* **What you need to do**: Restate the data exactly as given and keep the pictures out.

* **Input data**:
= = =

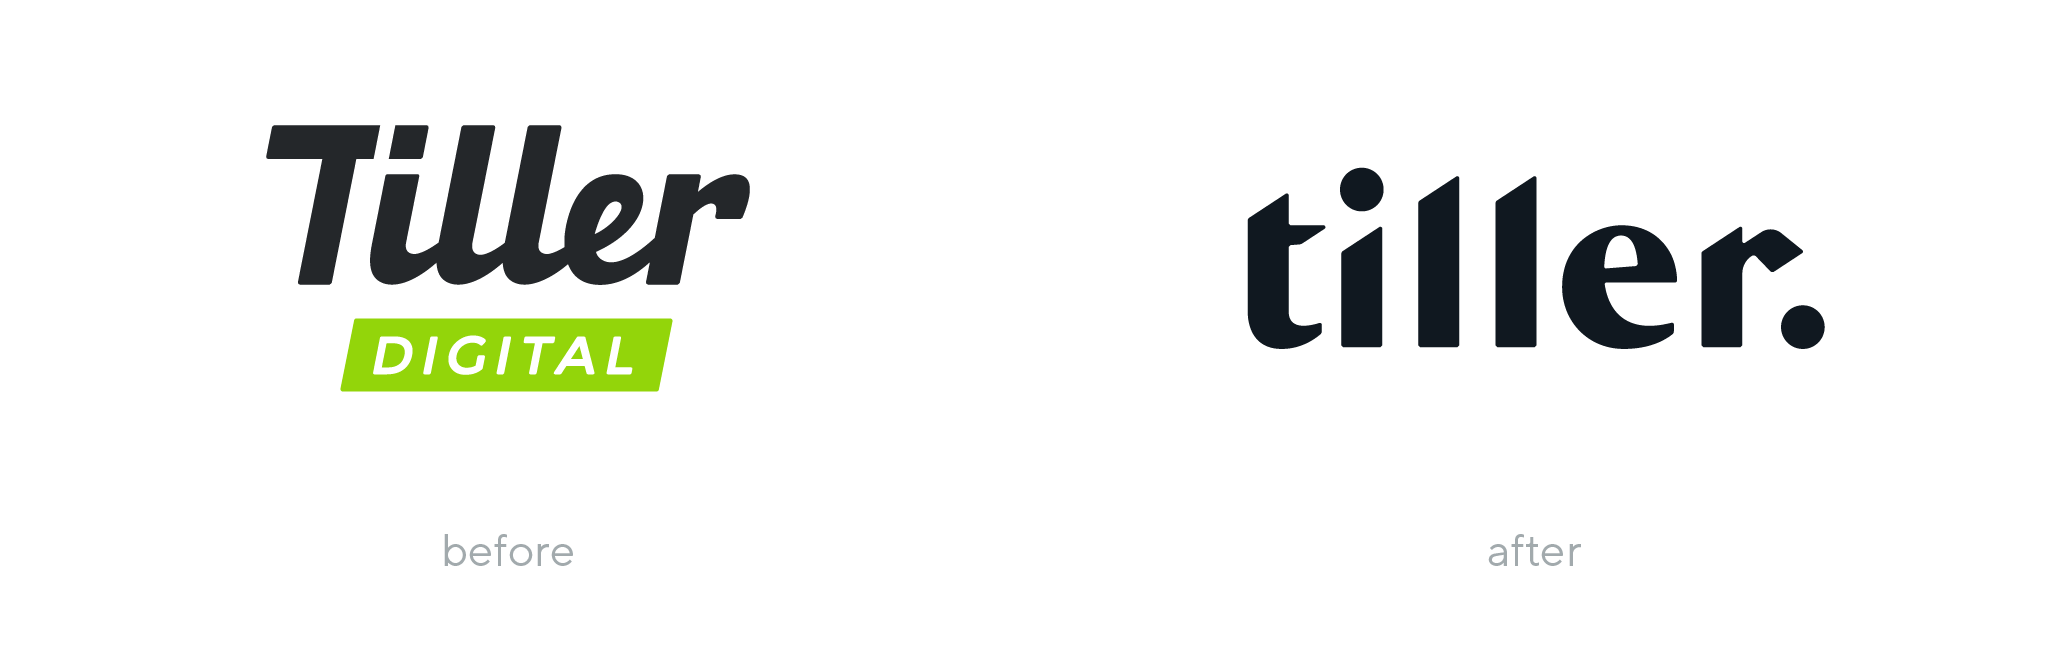 Tiller logo before and after rebranding
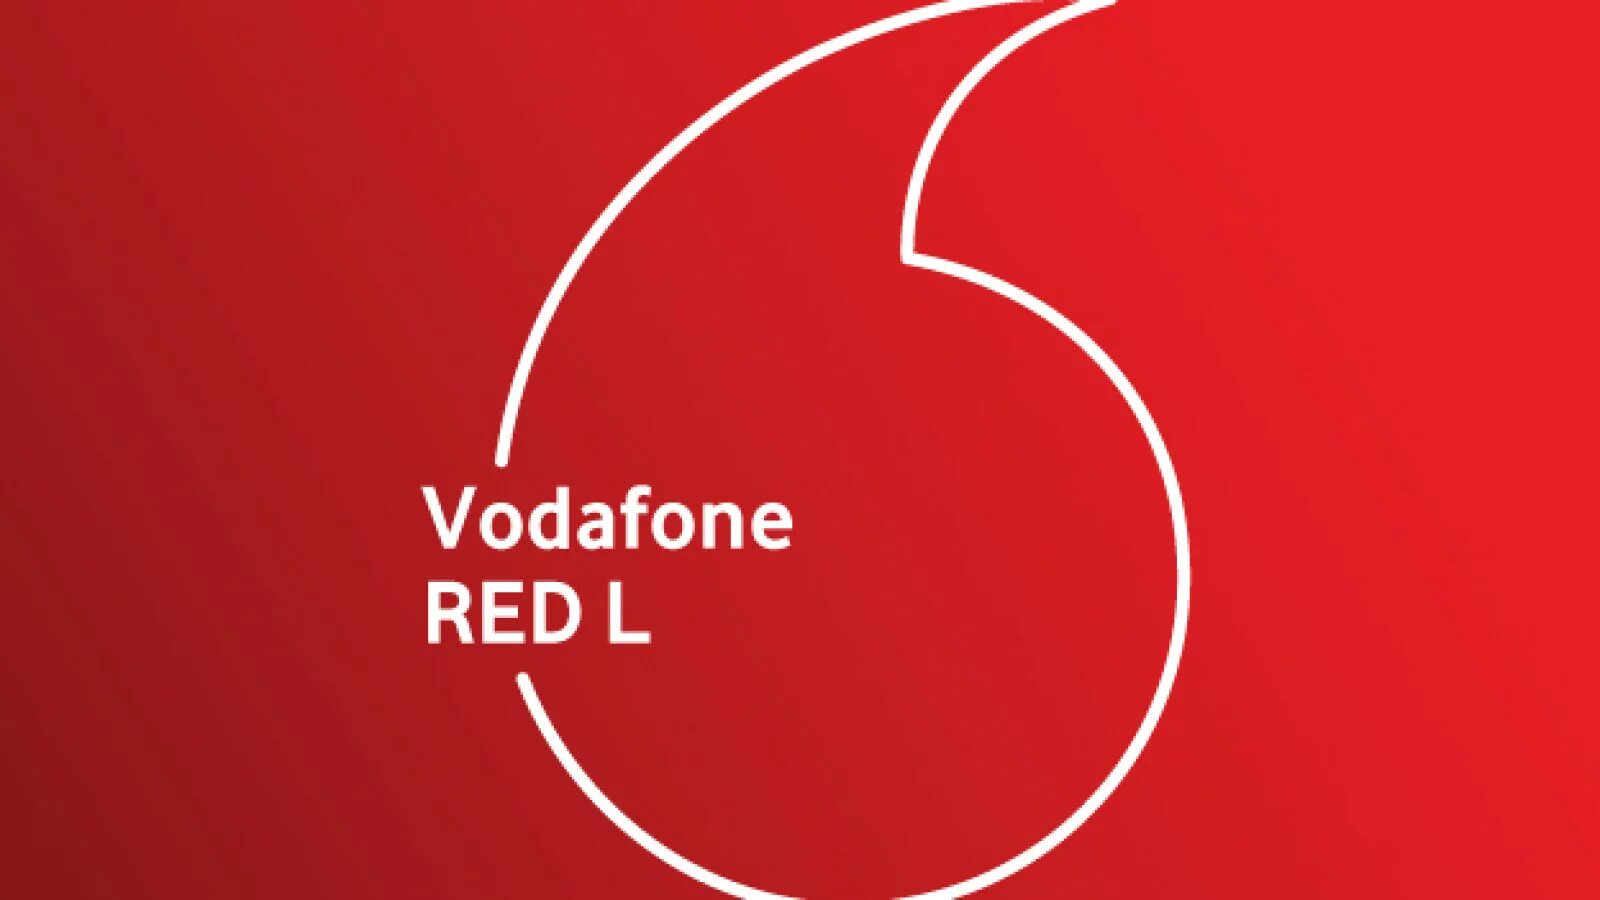 Ред м. Красная Водафон. МТС Украина 2019. Ростехнологии Vodafone. Vodafone rozapping 2021.
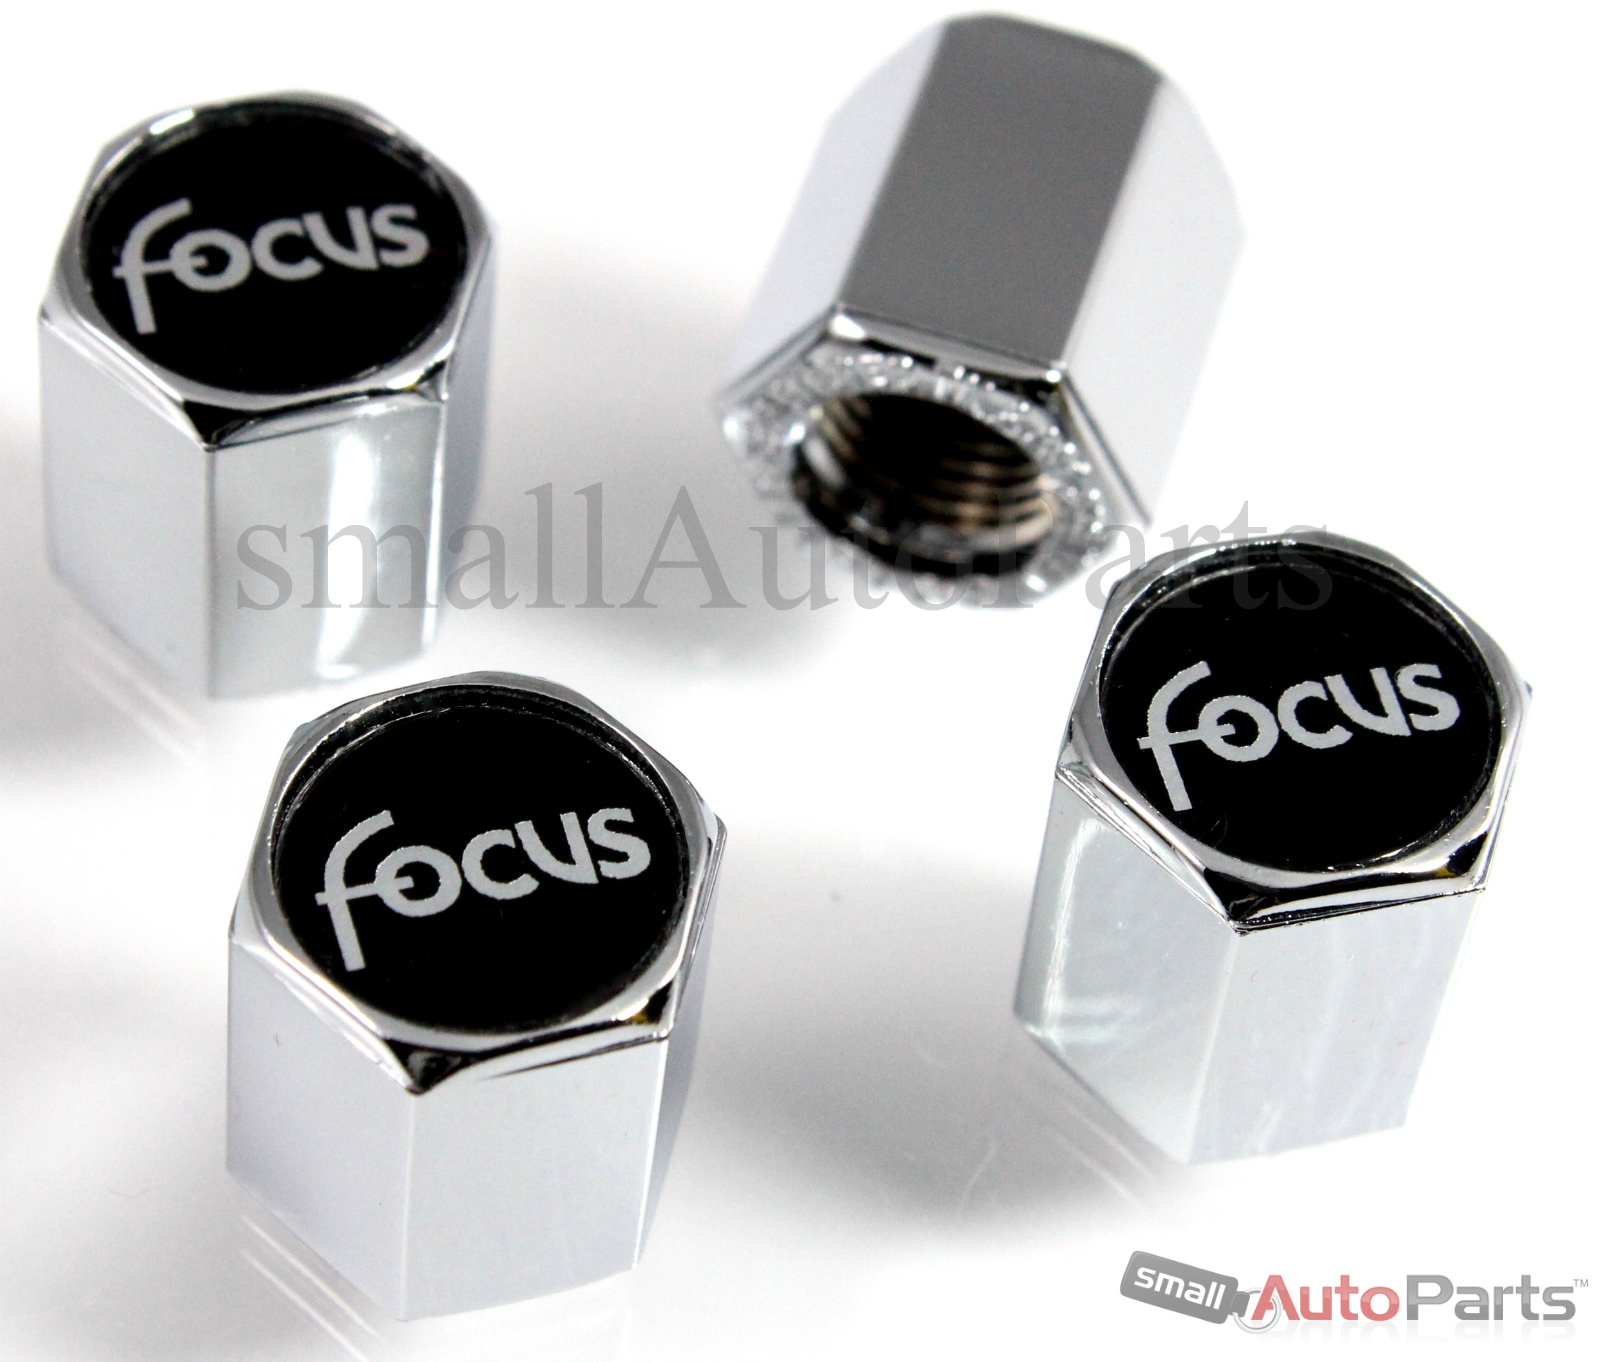 Ford focus valve stem caps #8

= = =

* **Problem solution**:
 Tiller logo before and after rebranding
 Ред м. Красная Водафон. МТС Украина 2019. Ростехнологии Vodafone. Vodafone rozapping 2021.
 Ford focus valve stem caps #8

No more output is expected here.